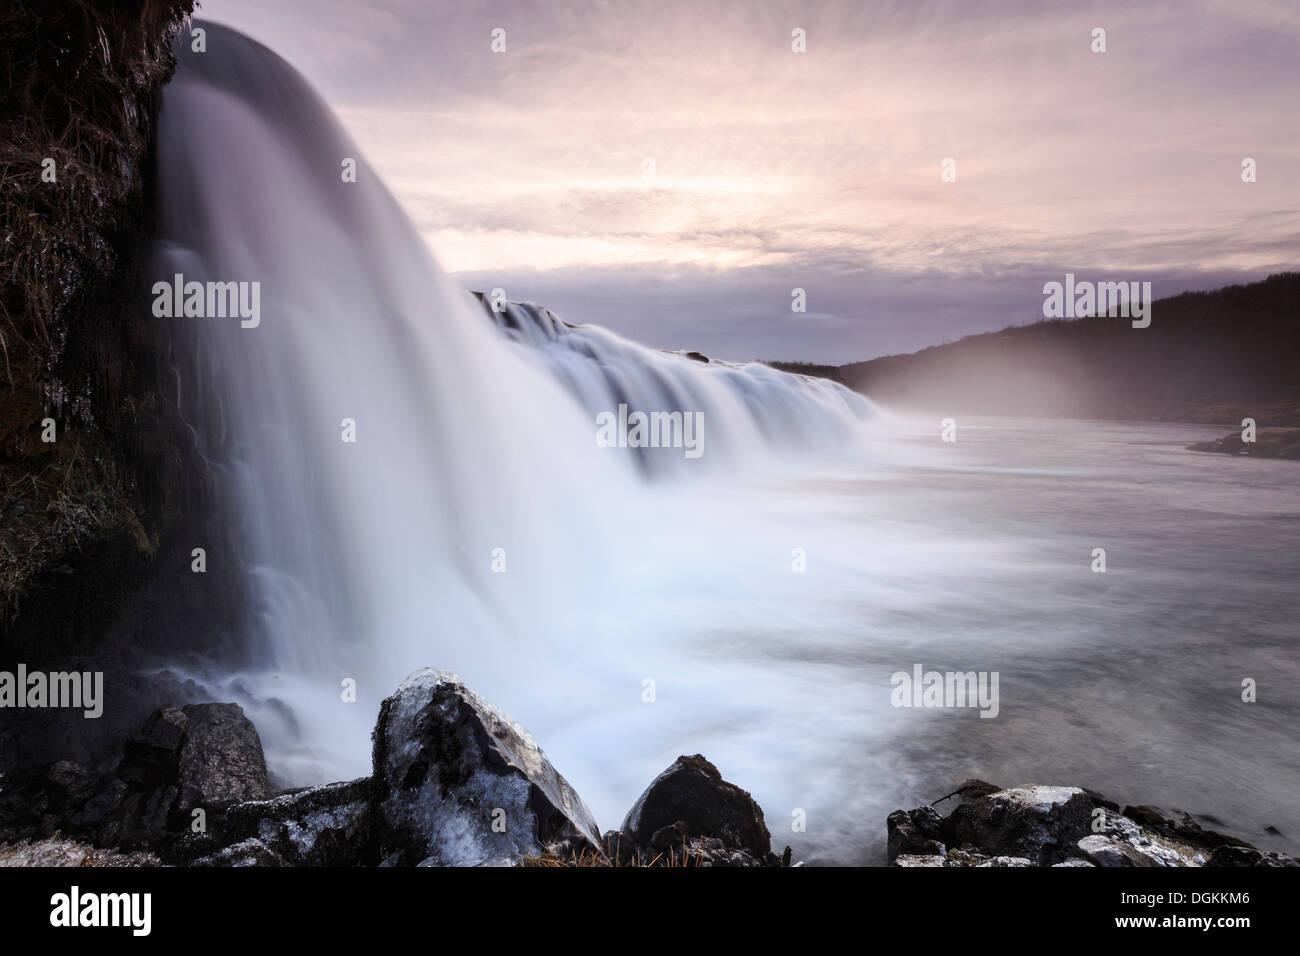 Ein Blick auf den Faxifoss-Wasserfall im Süden Islands. Stockbild
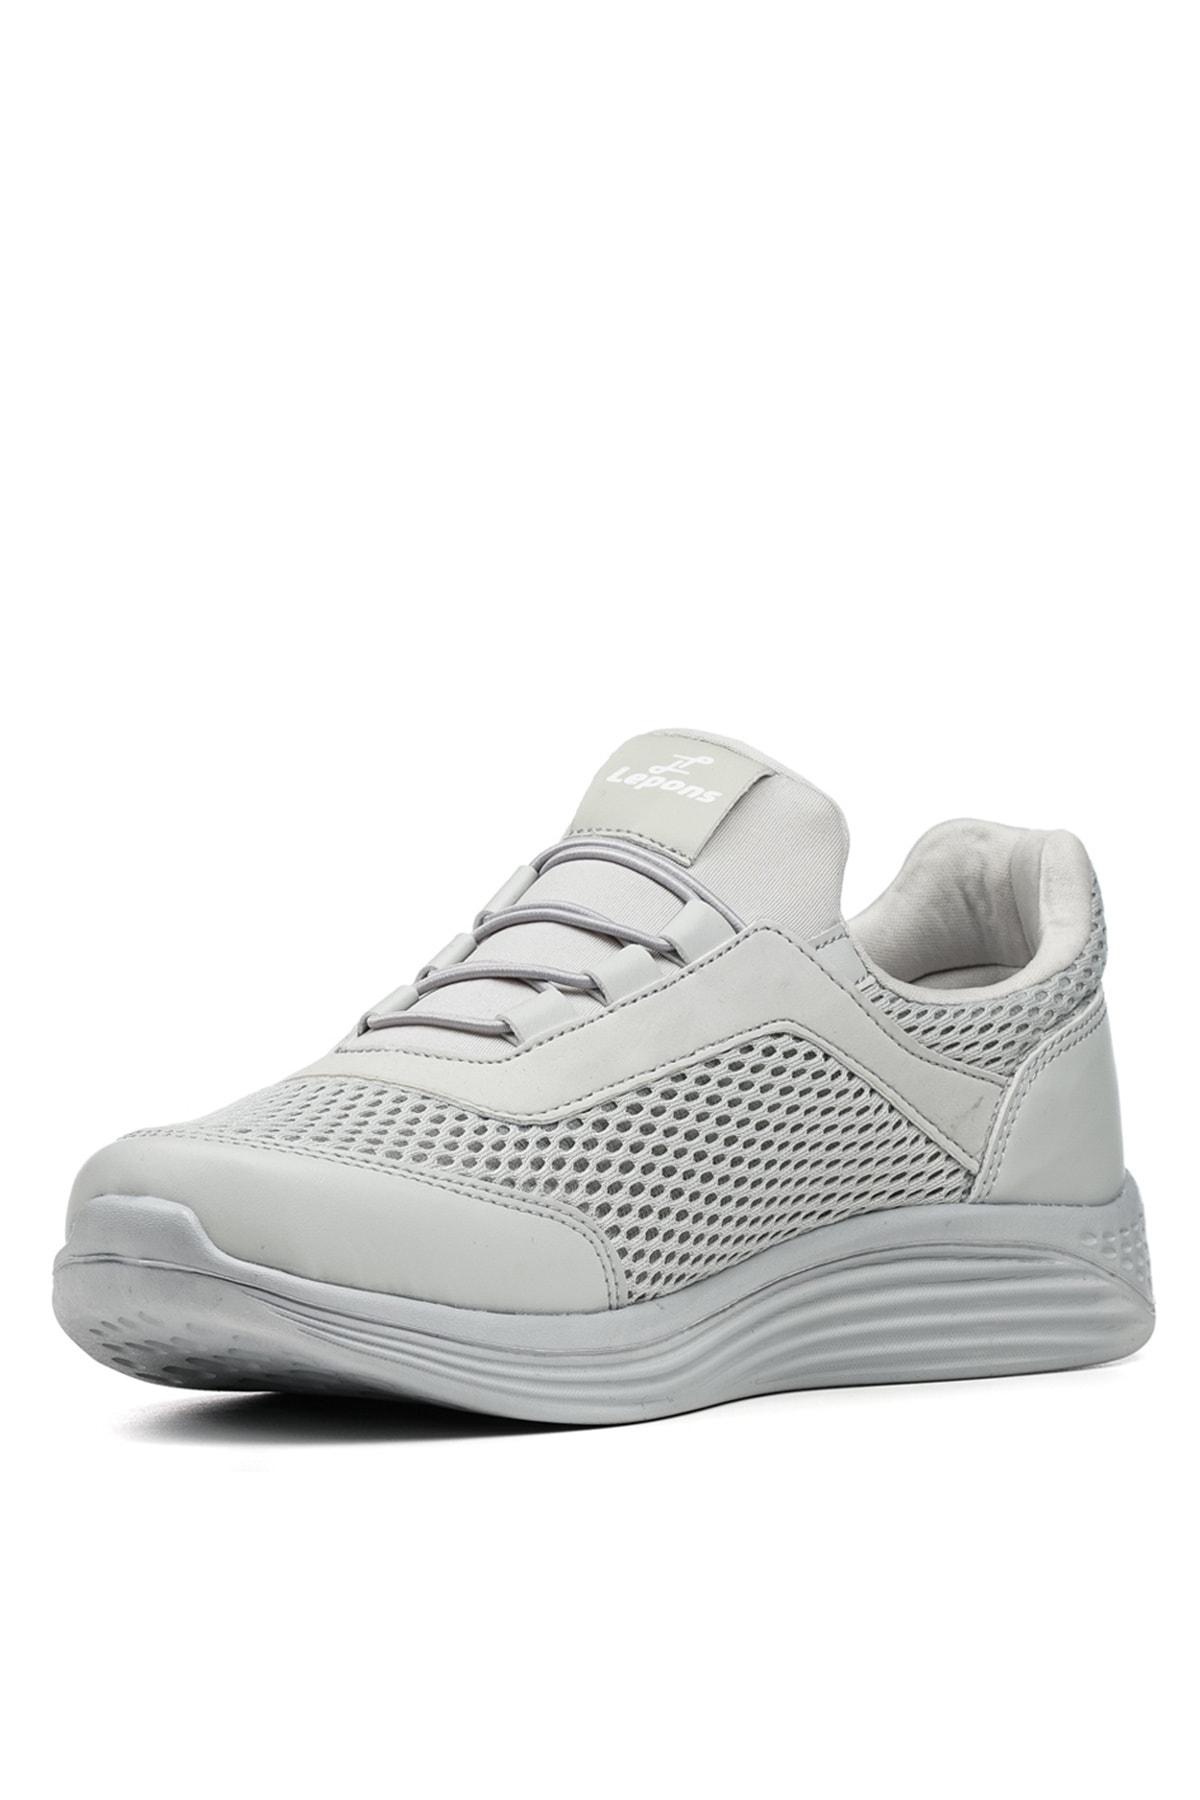 ICELAKE Unisex Sneaker Yb-aqlp0110 2
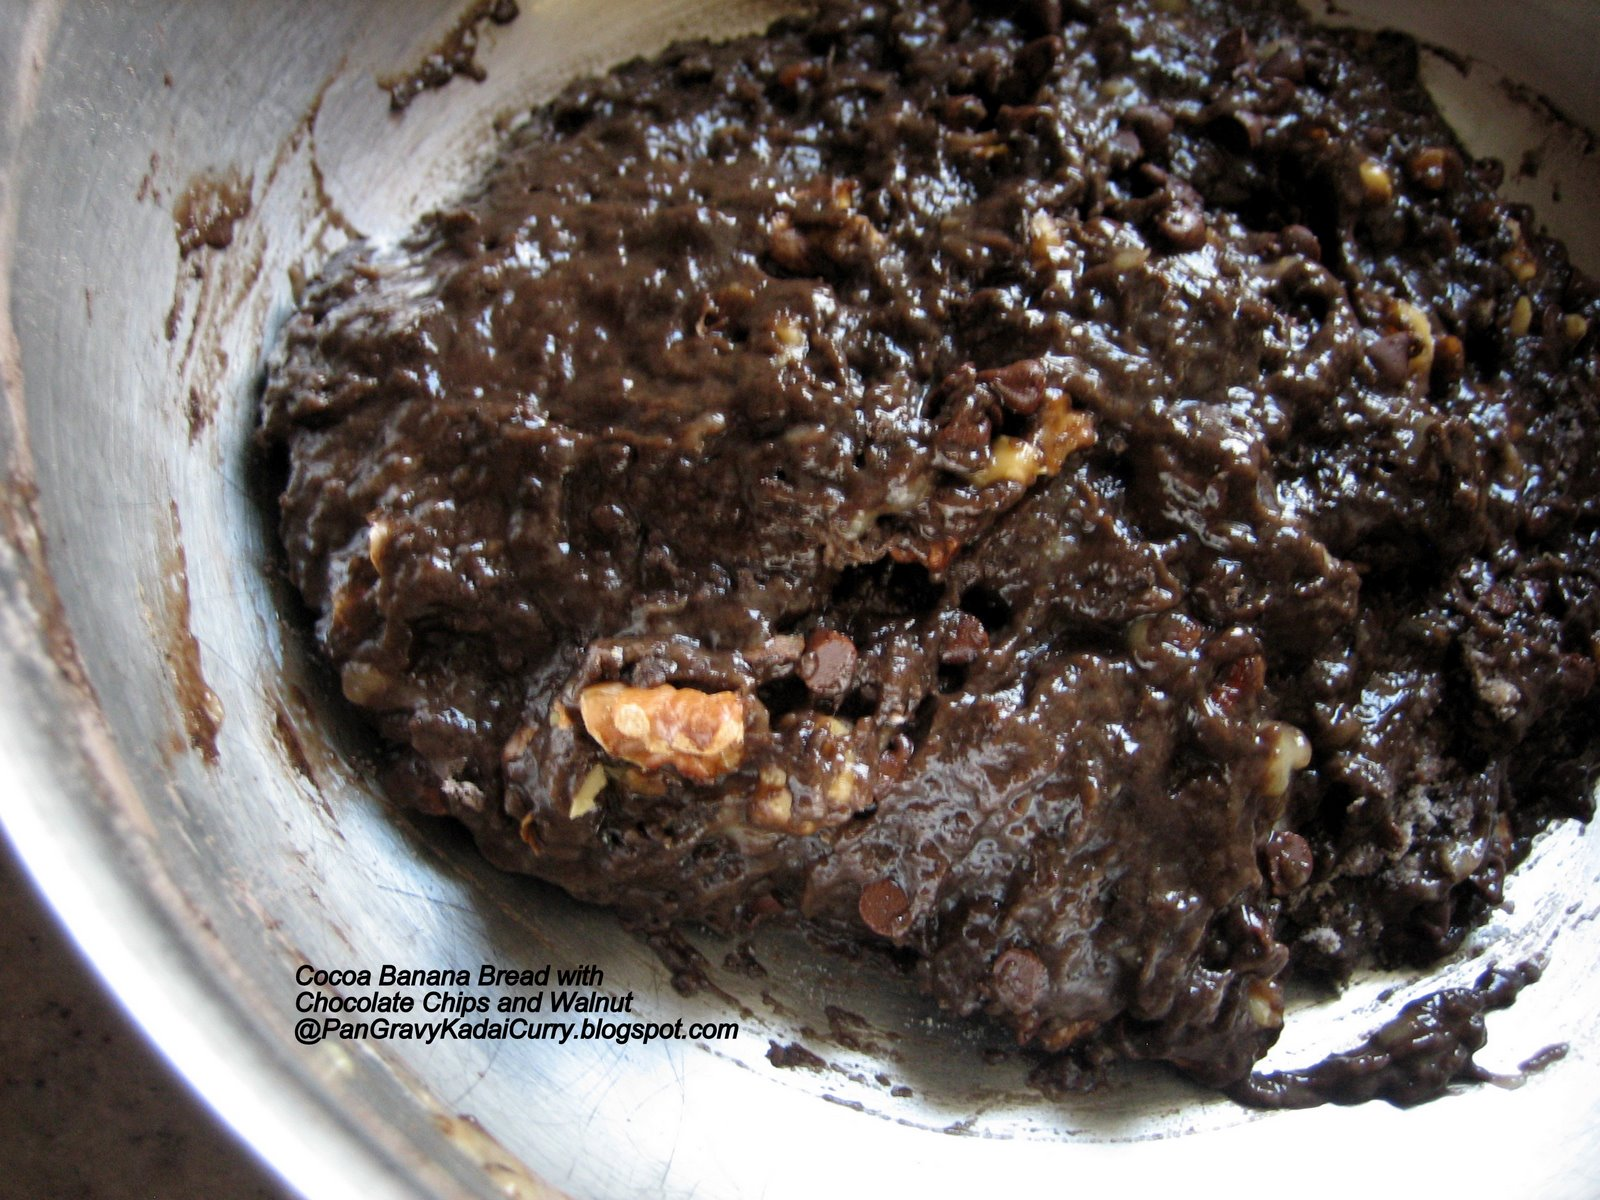 ... Gravy Kadai Curry: Cocoa Banana Bread With Chocolate Chips and Walnuts
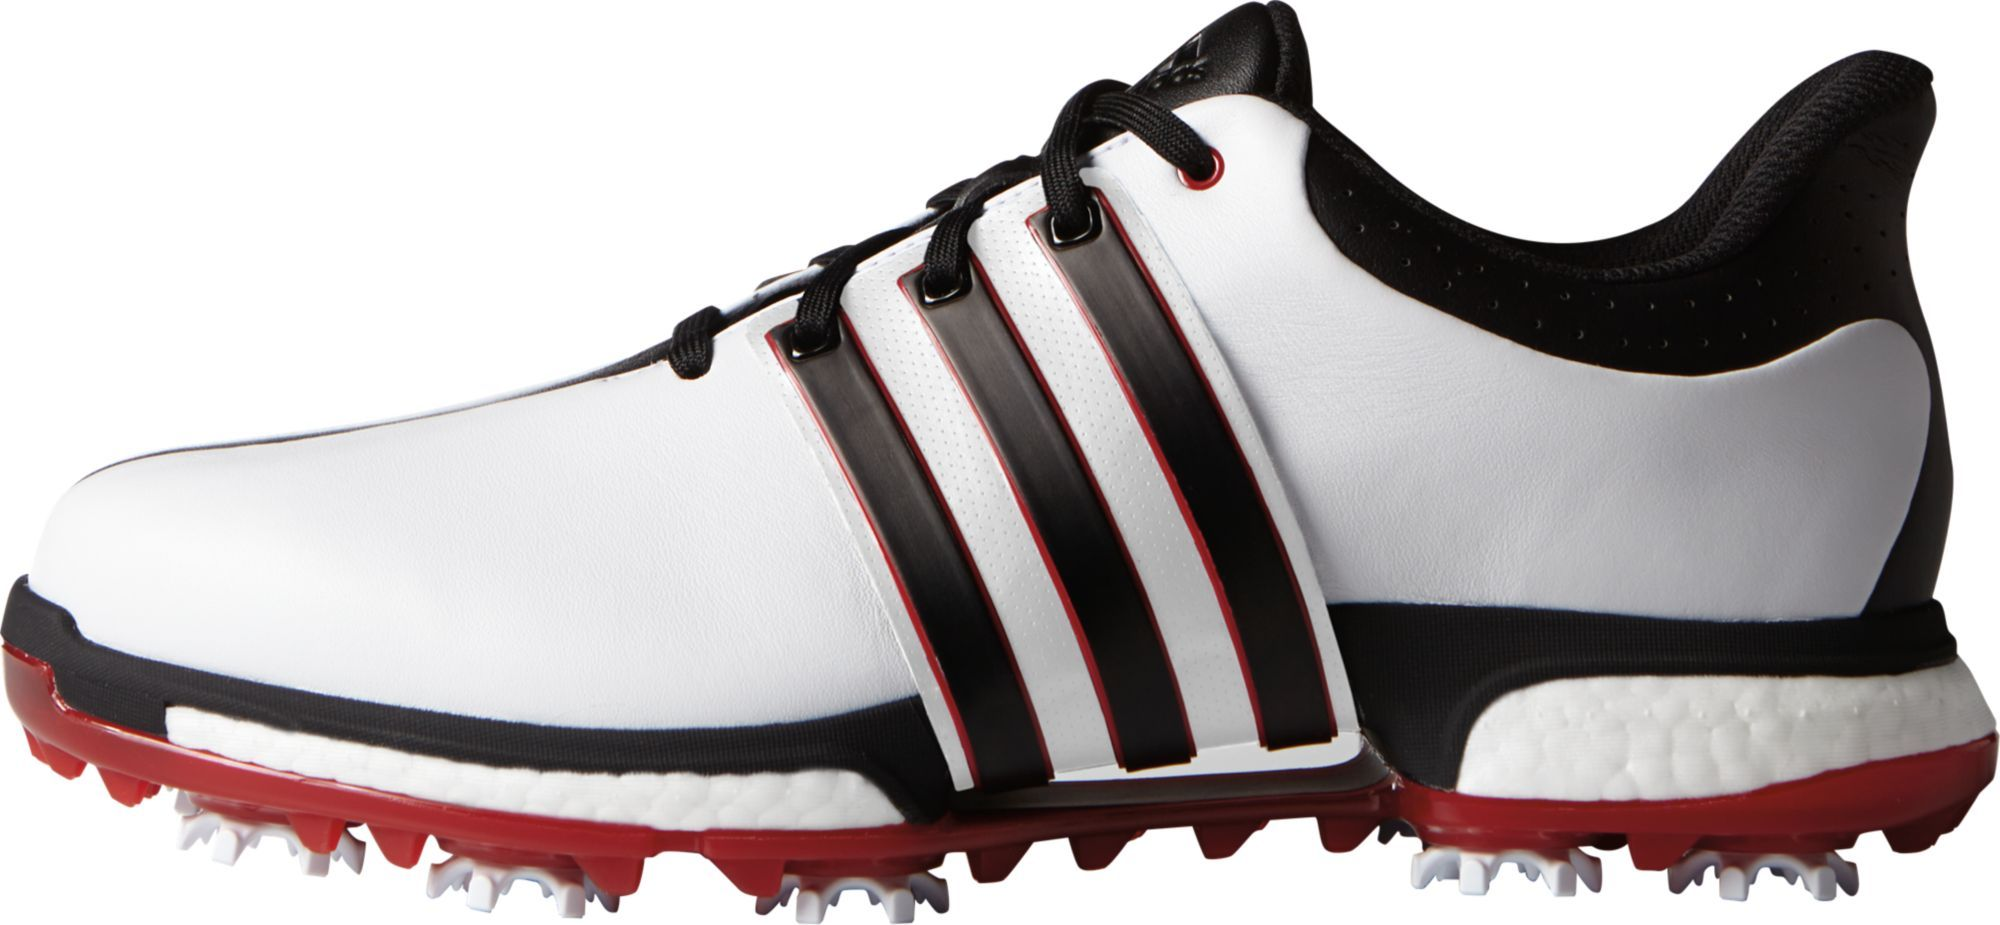 adidas Tour360 BOOST Golf Shoes | Golf Galaxy
========================================================================
Work request → Set down the material exactly as given, but print none of the pictures.

Output of the task →
 Ein Blick auf den Faxifoss-Wasserfall im Süden Islands. Stockbild
 ICELAKE Unisex Sneaker Yb-aqlp0110 2
 ... Gravy Kadai Curry: Cocoa Banana Bread With Chocolate Chips and Walnuts
 adidas Tour360 BOOST Golf Shoes | Golf Galaxy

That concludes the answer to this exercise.